When she waved him on, he leaned back against the headboard, stretching his long legs in front of him. “Ask me.”

She rolled her eyes. “Very well. Do you grow fangs?” When he nodded, she said, “And fur?”

He raised his eyebrows. “Christ, no.”

She had many befurred friends and took offense at his tone, but decided to let it go. “I know your eyes turn blue.”

He nodded. “And my body gets bigger, while the shape of my face changes, becomes more . . . lupine.”

She grimaced. “Snout?”

He actually chuckled at that. “No. No' like you're thinking.”

“Then it doesn't sound that different from you now.”

“But it is.” He grew serious. “We call it
saorachadh ainmhidh bho a cliabhan
 . . . letting the beast out of its cage.”

“Would it scare me?”

“Even older, powerful vampires cower.”

She bit her lip, contemplating all he'd said. Try as she might, she couldn't imagine him as anything other than
hot.

He ran a hand over his mouth. “It's getting late. Do you no' want to drink again before dawn?”
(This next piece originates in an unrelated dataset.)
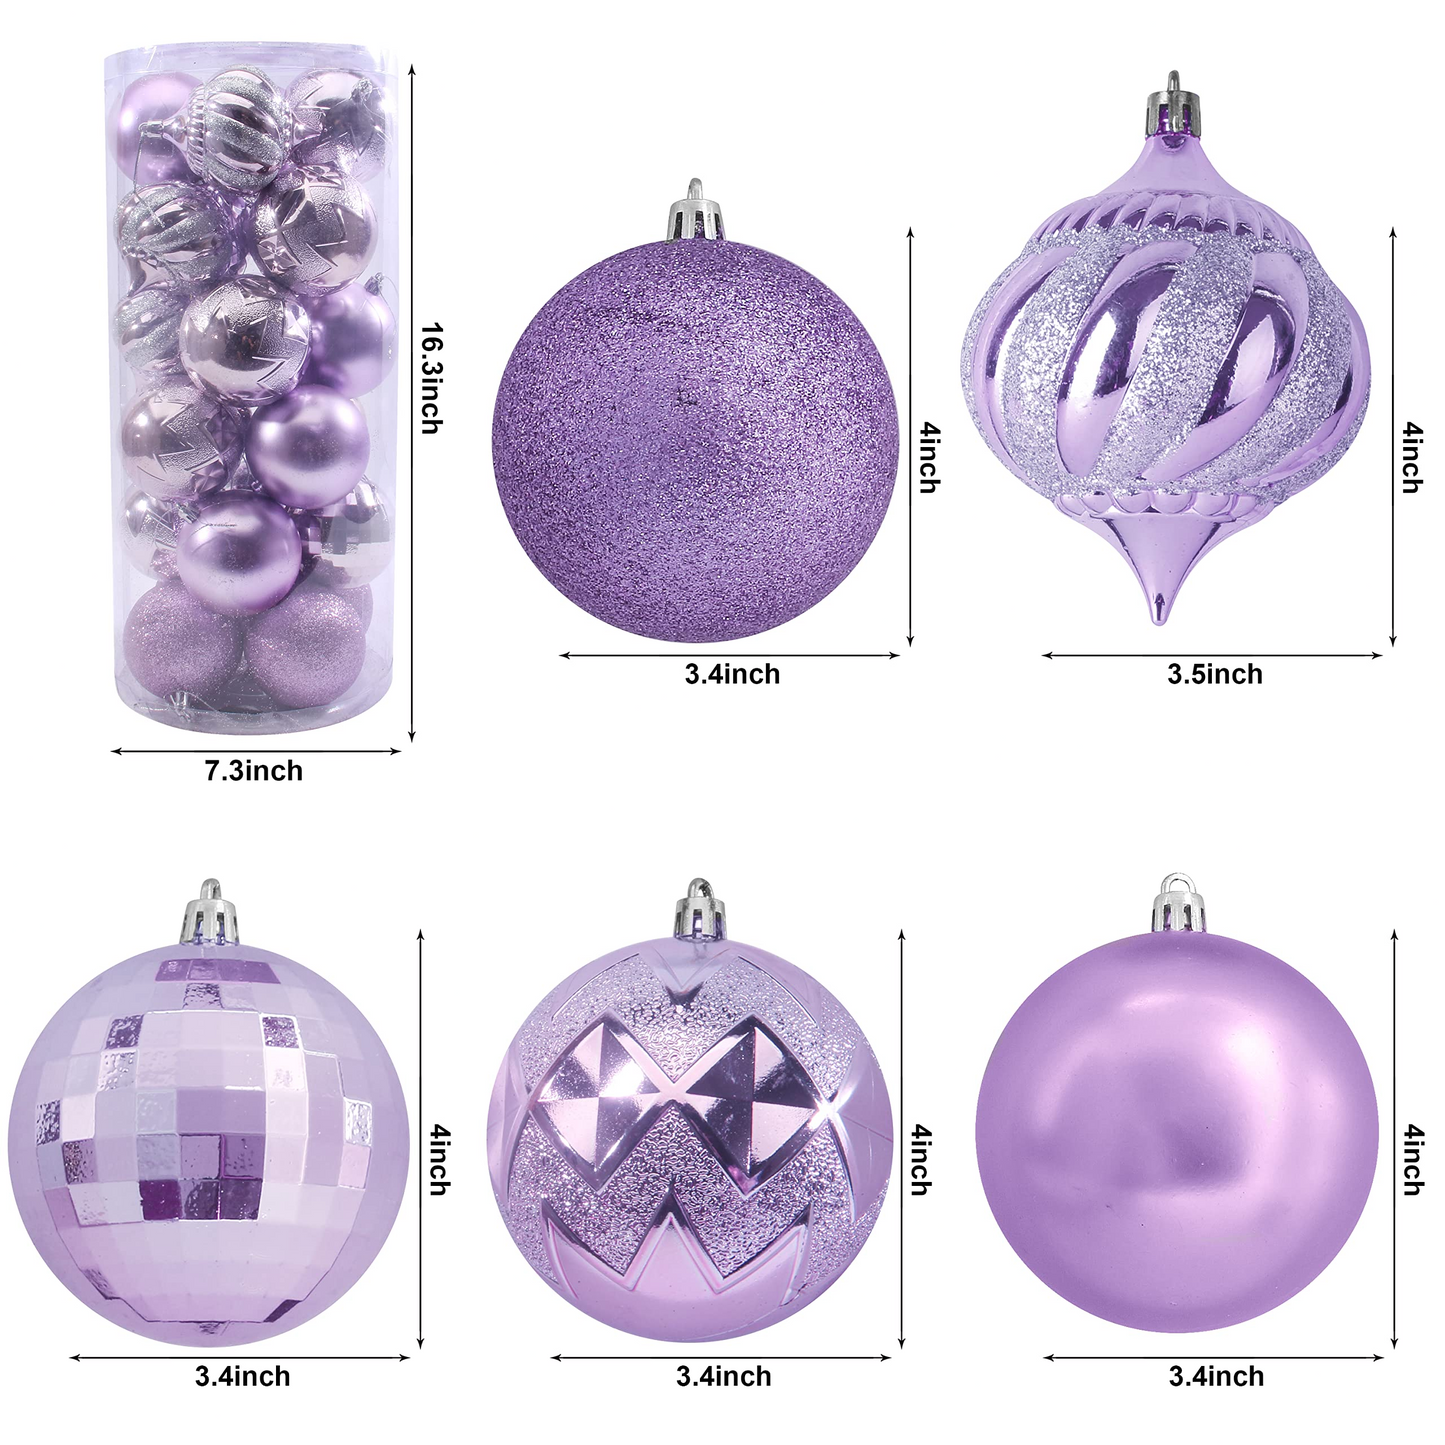 80mm 24ct Basic Christmas Ball Ornaments - Lavender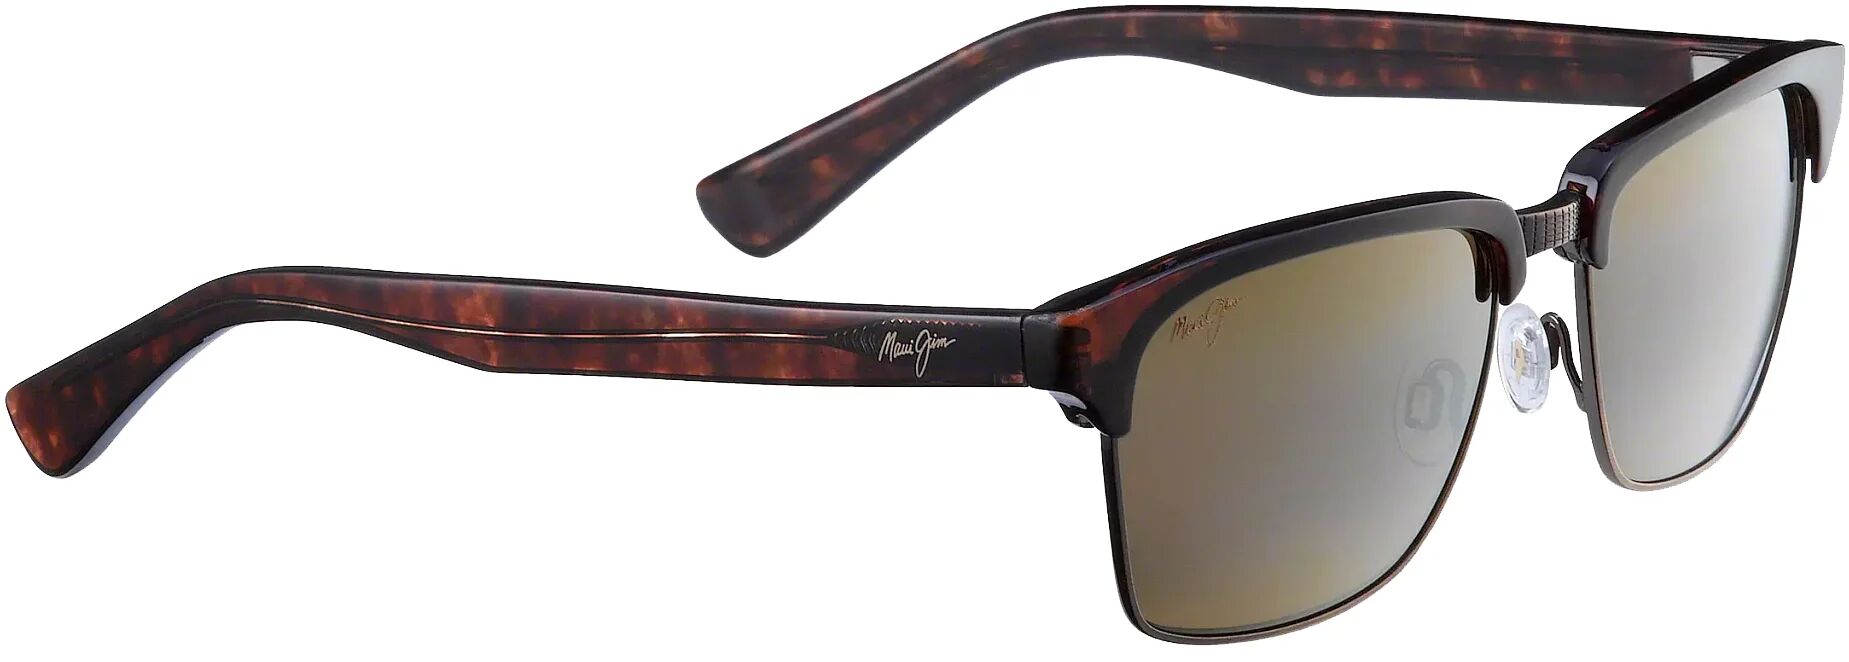 Maui Jim Kawika Polarized Classic Tortoise With Antique Gold Sunglasses, Nylon

Embarrassed by how badly she wanted to, she shrugged and studied her finger tracing the bedcover's paisley design.

“We're both thinking about it. We both want to.”

She murmured, “I might, but I don't want what comes with it.”

“What if I vowed no' to touch you?”

“But what if . . .” She trailed off, her face heating. “What if I forget . . .
myself?”
If he kissed her and stroked her as he had before, she had no doubt she'd soon be begging for him to bend her over the bed, as he'd put it.

“It would no' matter because I'd put my hands on this cover and I would no' move them.”

She frowned at his hands, then nibbled her lip. “Put them behind your back.”

He clearly didn't like that. “I would put my hands”—he glanced around, then spread his arms over the top of the headboard, palms down—“here, and I would no' move them. No matter what occurs.”

“You promise?”

“Aye. I vow it.”

She could try to convince herself that mere hunger compelled her to walk on her knees over to him. But it was so much more than that. She needed to experience the sensuality of the act, the warmth, the taste of his skin beneath her tongue, the feel of his heartbeat speeding up as though she'd
pleasured
him by drawing greedily.

When she knelt before him, he leaned his head away, exposing his neck, beckoning her.

She saw he was already hard and grew nervous. “Hands stay put?”

“Aye.”

Unable to stop herself, she eased forward, took his shirt with her fists, and sank her fangs into his skin. Rich warmth and pleasure exploded within her, and she moaned against him. She felt his groan reverberating beneath her lips. When she almost toppled over from the rush of sensation, he bit out,
“Straddle . . . me.”

Never taking her lips away, she did, gladly, better able to relax and revel in the taste and feeling. Though he never removed his hands from the headboard, he thrust his hips up against her. Then, with another groan, he seemed to make an effort to stop.